L'Afrique du Sud n'était pas à tous leur pays, mais à tous, l'égalité était leur cause et la justice leur idéal. Leur cœur ne vibrait pas seulement pour la France, pas seulement pour l'Afrique du Sud, mais pour la liberté universelle. Ils défendaient une vision de l'homme, une vision où une vie vaut une vie, qui les vaut toutes, chacune dans son irréductible dignité. Leur engagement, souvent dans l'ombre, fut celui du risque et ils en payèrent le prix. Ils étaient de France et d'ailleurs communistes ou chrétiens, philosophes ou sportifs, souvent des femmes et des hommes qui avaient appris dans la résistance que ceux qui vivent sont ceux qui luttent.

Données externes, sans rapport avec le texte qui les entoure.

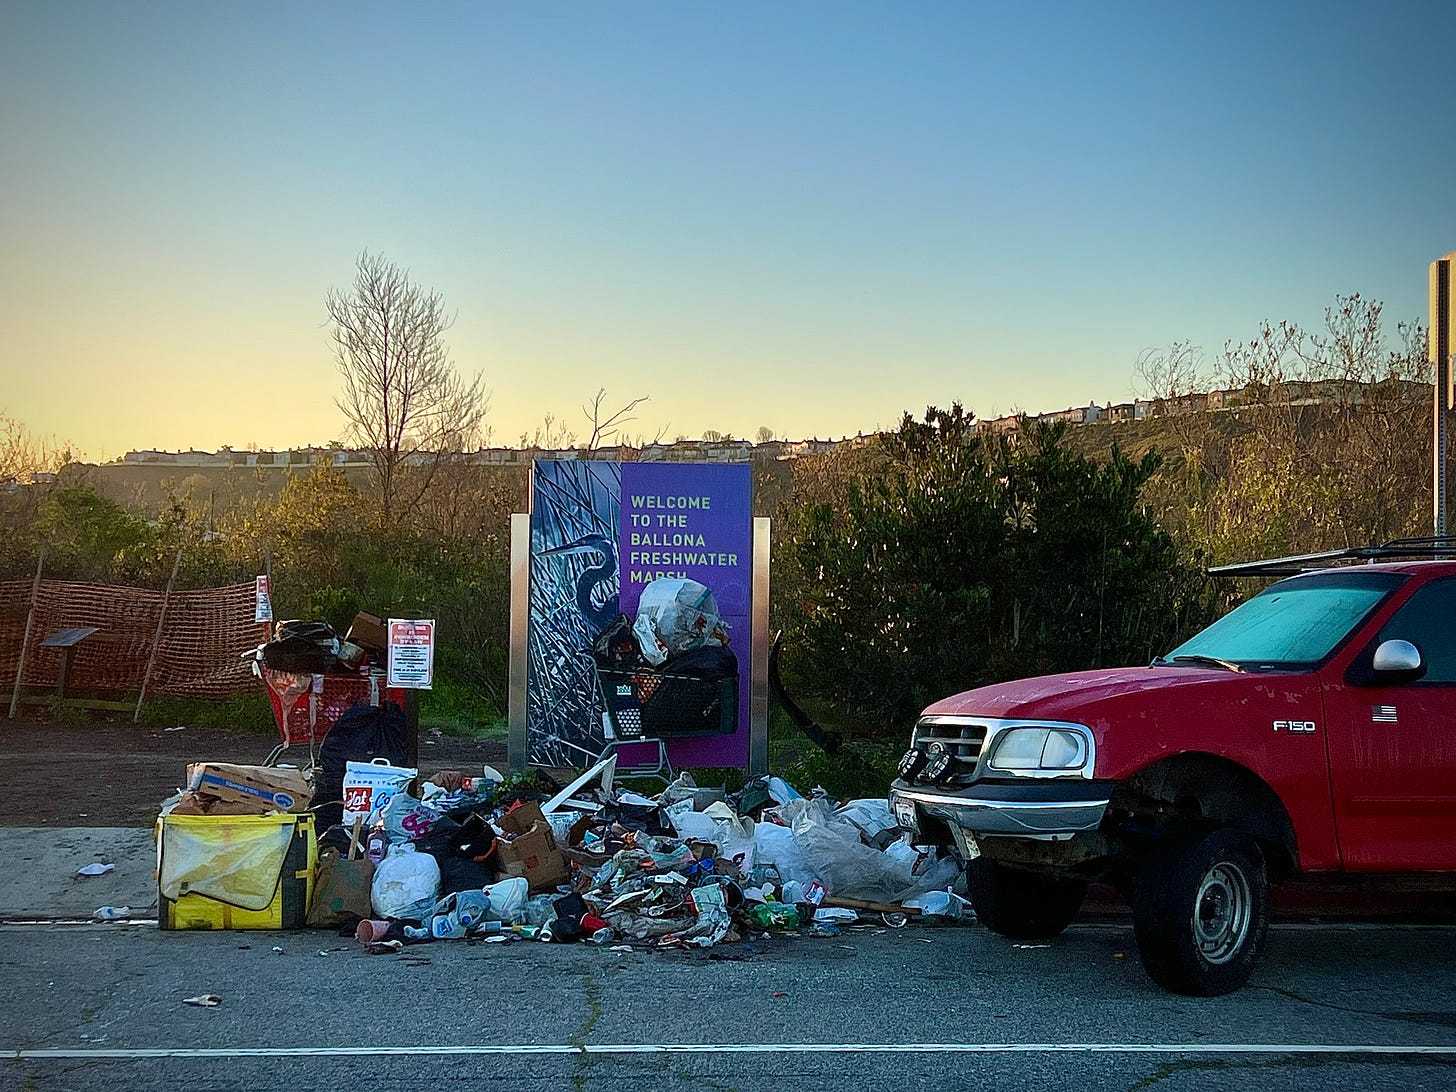 Picture of a sign that says "Welcome to the Ballona Freshwater Marsh," with an image of a great blue heron, in the front of which is a huge pile of trash, two shopping carts loaded with junk, and the front end of a red Ford F150 pickup truck with a frosted windshield and an American flag decal below the drivers' side mirror
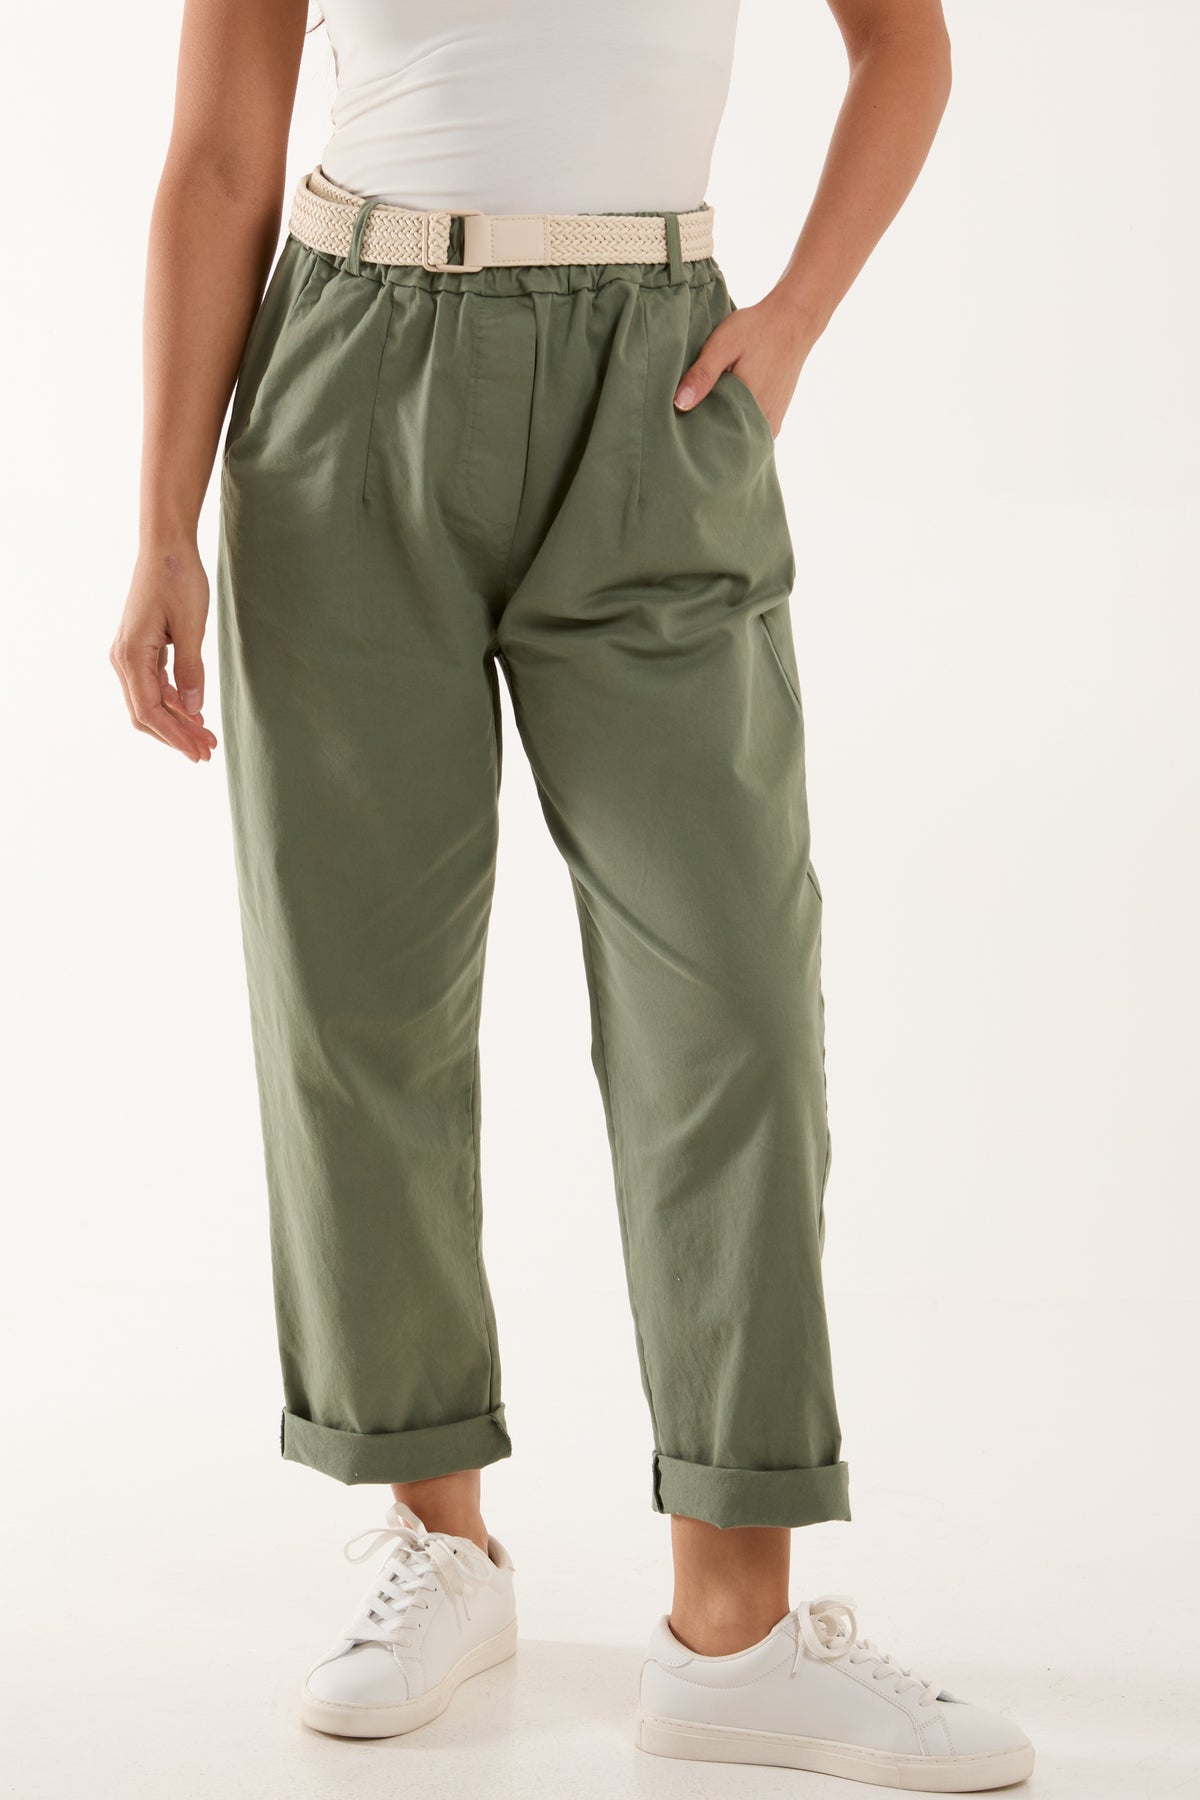 Belted High Waisted Cotton Drill Chinos

Aucun d'entre eux ne pouvait supporter que demeurât quelque part dans le monde un régime d'apartheid dont la logique profonde, logique de séparation et d'exclusion, logique de haine et de hiérarchie raciale, constituait une blessure de leur conscience. Disons ici simplement leur nom, comme eux, à leur manière, devant l'histoire, ont répondu à l'appel de leur conscience.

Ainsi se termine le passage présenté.